Только старый кайзер думал иначе. Он хотел назначить генеральным директором своего придворного — графа Пуртале, который в этом случае мог бы сохранить приличествующее своему званию превосходство над быстро сменяющимися министрами просвещения и финансов. Удержаться на таких постах этот бюргер из Саксонии, конечно, не мог и, следовательно, вынужден был влачить жалкое существование, впав в немилость и потеряв расположение кайзера. Восшествие на престол нового монарха не принесло ни улучшений, ни изменений. Тайный советник Альтгоф, маститый представитель министерства просвещения и вероисповедании, тайный советник фон Гольдштейн в министерстве иностранных дел и его друг тайный советник Боде в музеях заняли открыто враждебную позицию по отношению к Шёне. Альтгоф плохо относился к Шёне, кстати сказать, еще и потому, что не мог терпеть археологов, так же как Хуманн в свое время не мог терпеть филологов. Чего же можно было добиться при создавшемся положении? Вильгельм II наследовал от Вильгельма I его собственные антипатии и антипатии его чиновников, следовательно, он унаследовал и антипатию своего деда к Шёне. Кайзер с удовольствием читал интриганские письма Альтгофа, который по мере сил поносил генерального директора. Таким образом, Шёне с самого начала оказался в проигрыше, чего ему. как непруссаку, все равно не удалось бы избежать.
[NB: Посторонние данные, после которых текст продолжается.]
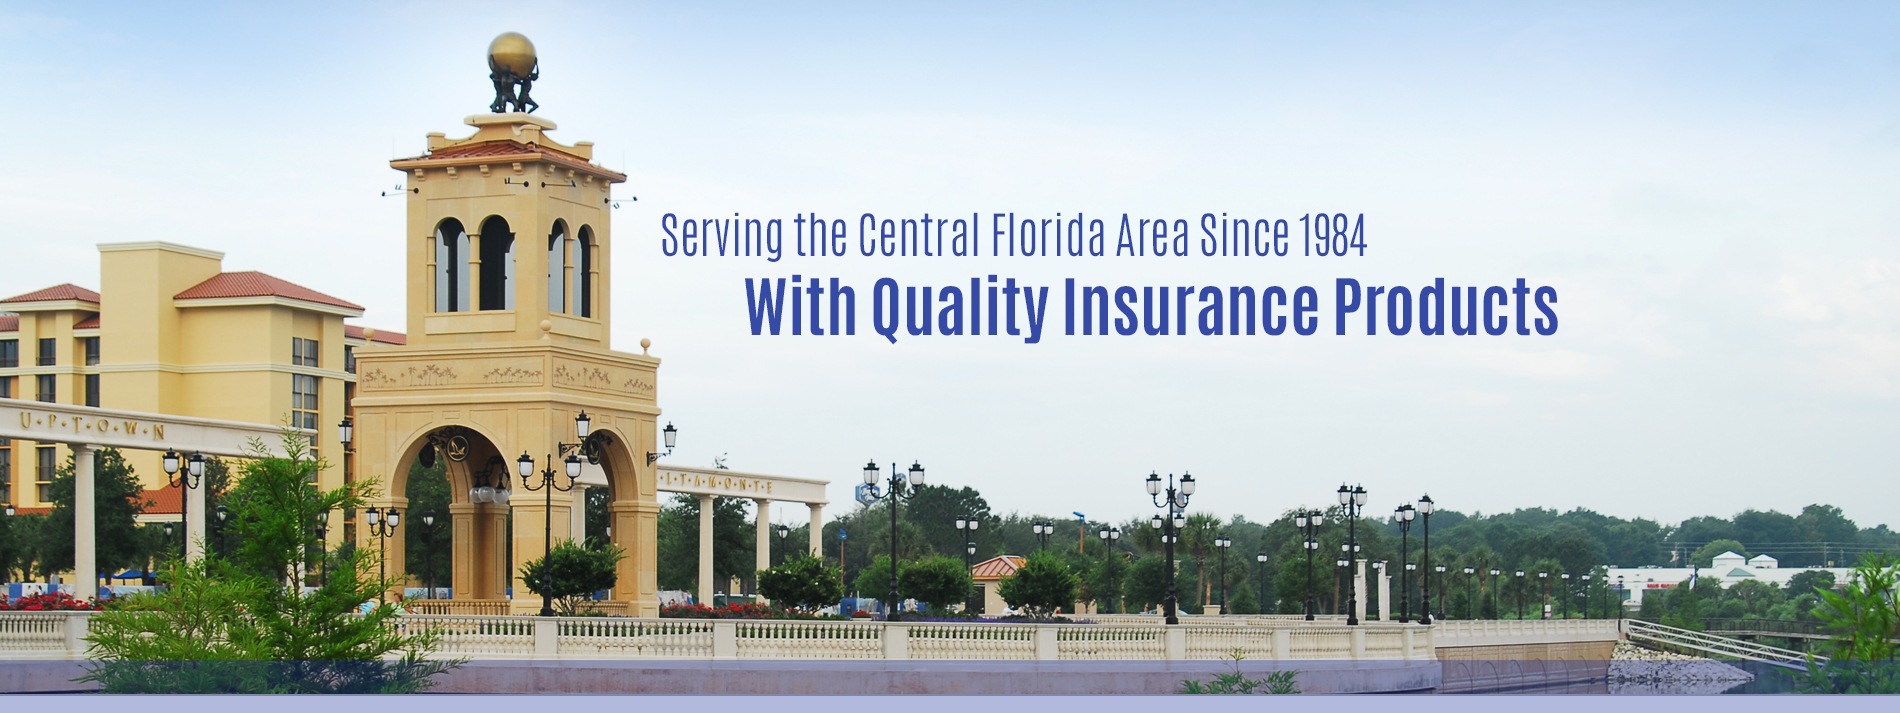 Serving the Central Florida Area since 1984 with quality insurance products.

Наконец, с неугодными людьми было покончено. Конце ушел в отставку, Кекуле сумели укротить так, что с ним вообще можно было не считаться. Теперь очередь за Шёне. При первом удобном случае кайзер возводит в дворянство Боде, который становится «его превосходительством» и приближается ко двору. Итак, все хорошо устранвастся.
Все, чем берлинские музеи были обязаны Шёне в лучшие годы его руководства, быстро забыли, поскольку он никогда по кричал о себе, не бил в барабан и вообще не любил звуков немецких фанфар. А поскольку Шёне заслужил немилость кайзера, он потерял всякий вес и в глазах придворных и министров просвещения, которых, кстати сказать, теперь меняли еще чаще, чем во времена старого кайзера. Все они были одержимы манией величия своего хозяина и следовали его вкусам, а он признавал только роскошные фасады и ценил у современных ему художников в основном политические убеждения, а не их мастерство.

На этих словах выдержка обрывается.